(Stored entries)
----------------------------------------

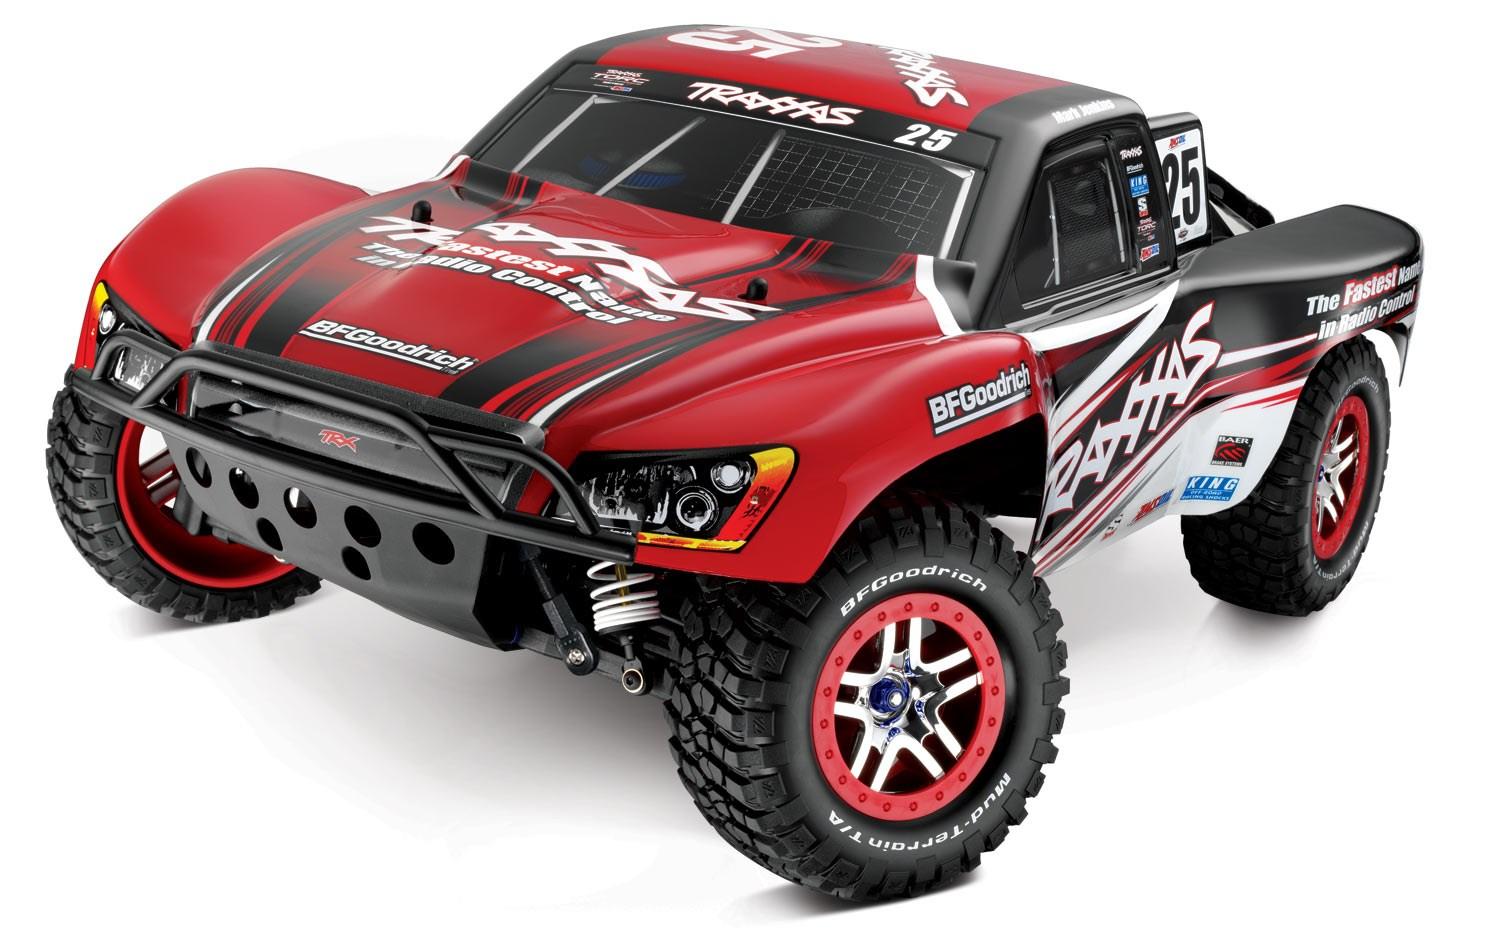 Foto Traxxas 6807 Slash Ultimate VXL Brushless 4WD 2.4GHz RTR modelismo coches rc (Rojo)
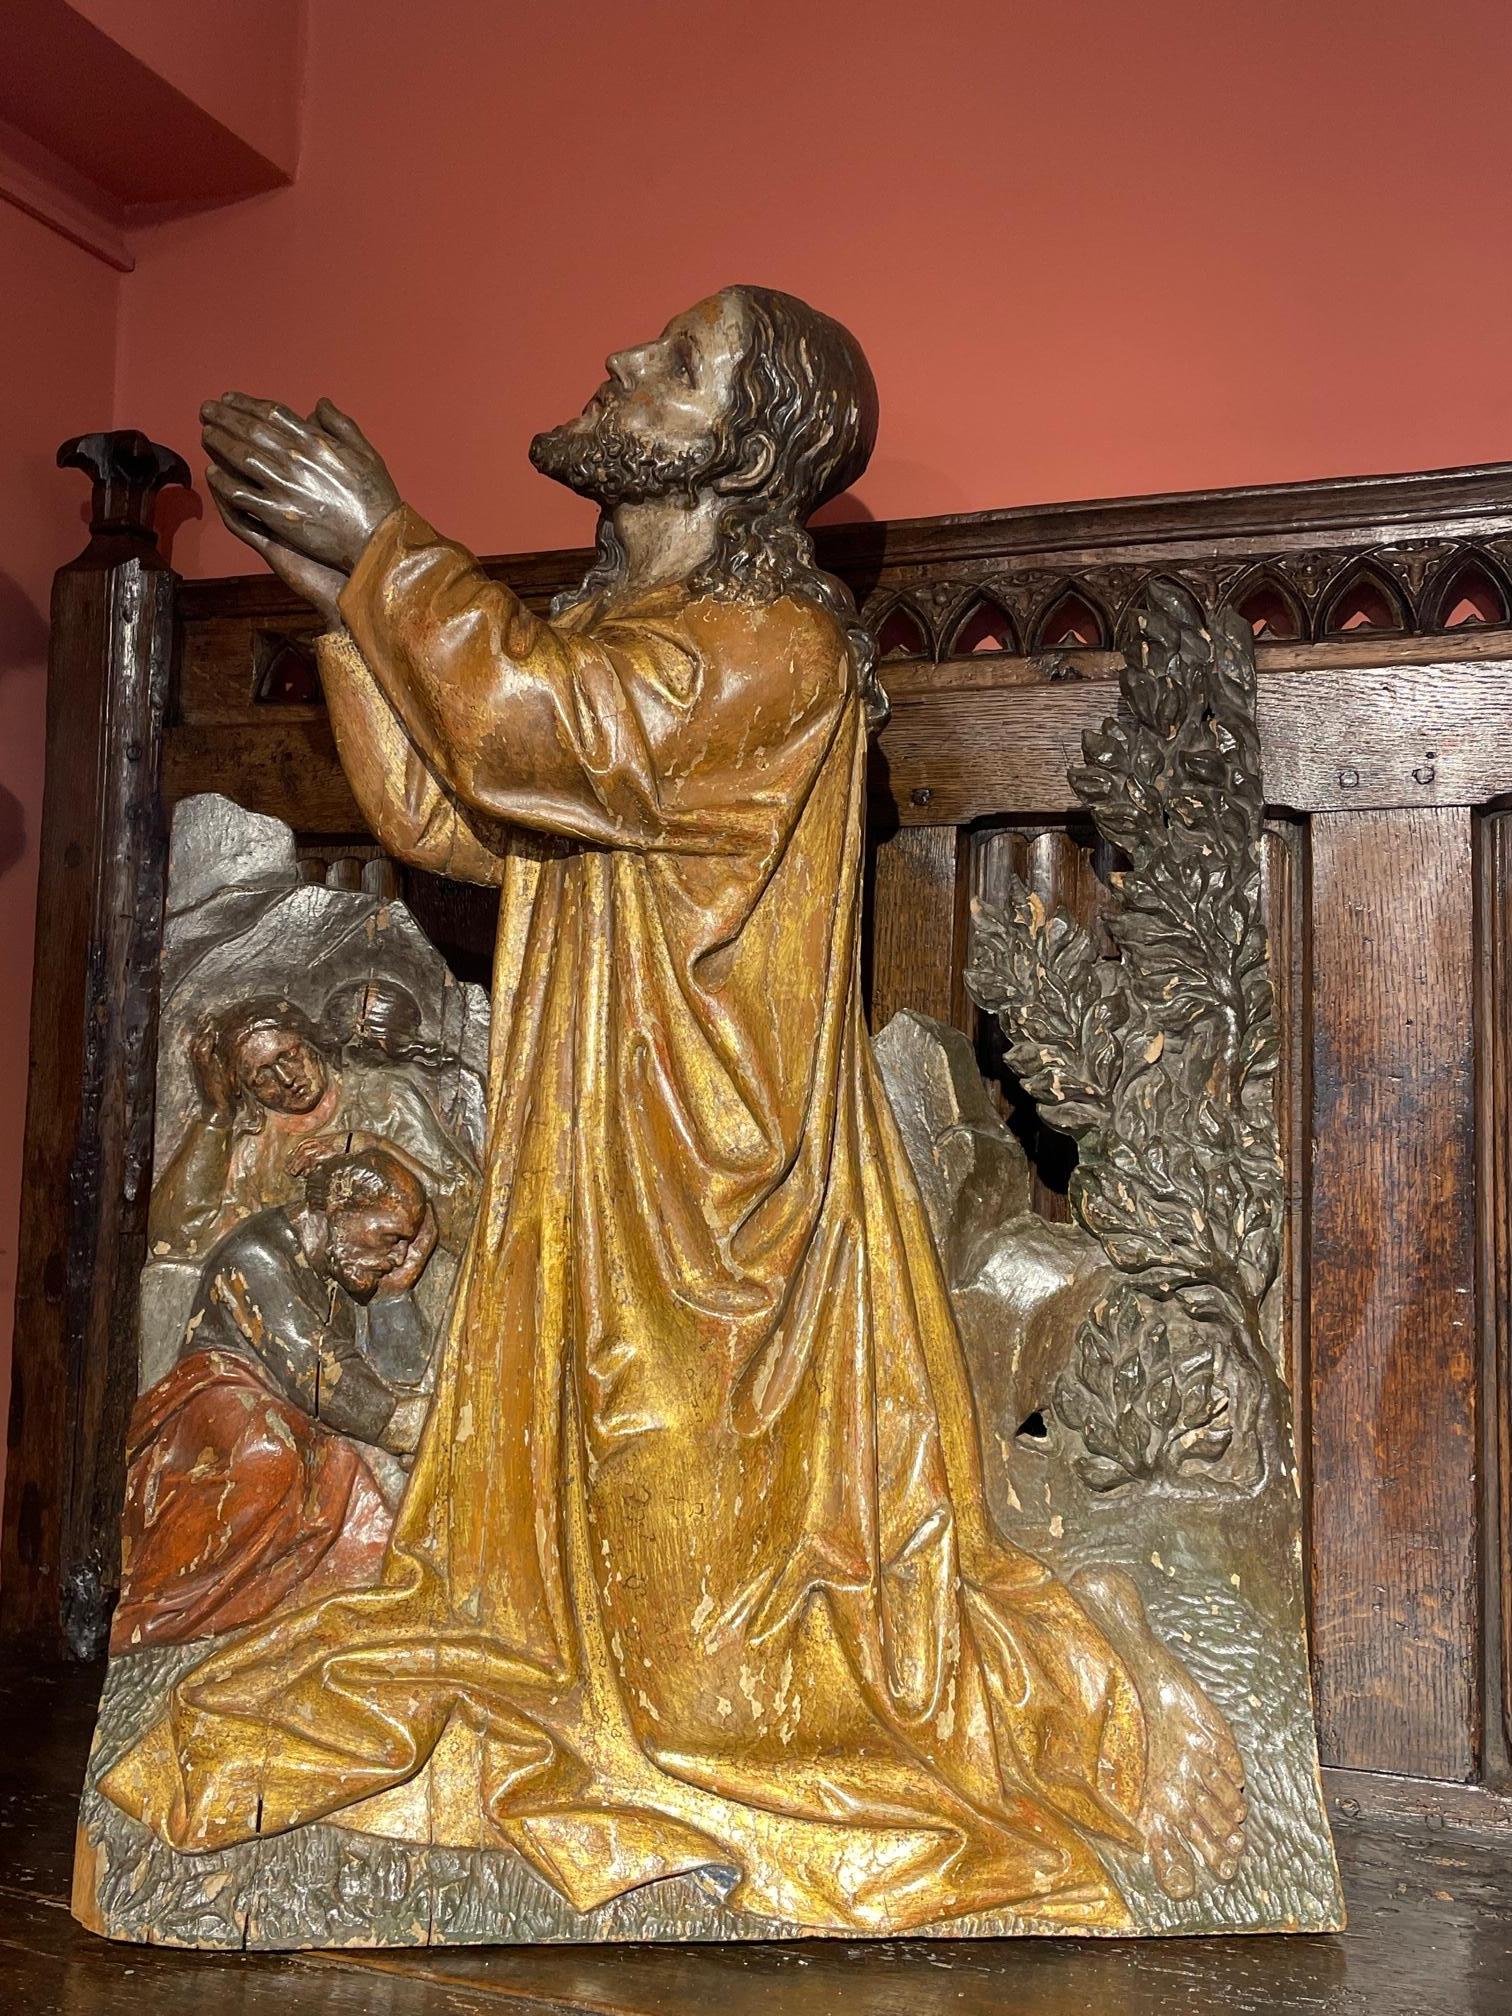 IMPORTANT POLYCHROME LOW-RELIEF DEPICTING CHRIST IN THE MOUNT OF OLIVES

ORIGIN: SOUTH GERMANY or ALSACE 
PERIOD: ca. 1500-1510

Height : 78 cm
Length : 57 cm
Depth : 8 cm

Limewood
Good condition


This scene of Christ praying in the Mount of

----------------------------------------

YOUR OBJECTIVE -
From the first line to the last, please copy the data exactly, with the pictures left out.

WRITTEN SOLUTION -
 Foto Traxxas 6807 Slash Ultimate VXL Brushless 4WD 2.4GHz RTR modelismo coches rc (Rojo)
 IMPORTANT POLYCHROME LOW-RELIEF DEPICTING CHRIST IN THE MOUNT OF OLIVES

ORIGIN: SOUTH GERMANY or ALSACE 
PERIOD: ca. 1500-1510

Height : 78 cm
Length : 57 cm
Depth : 8 cm

Limewood
Good condition


This scene of Christ praying in the Mount of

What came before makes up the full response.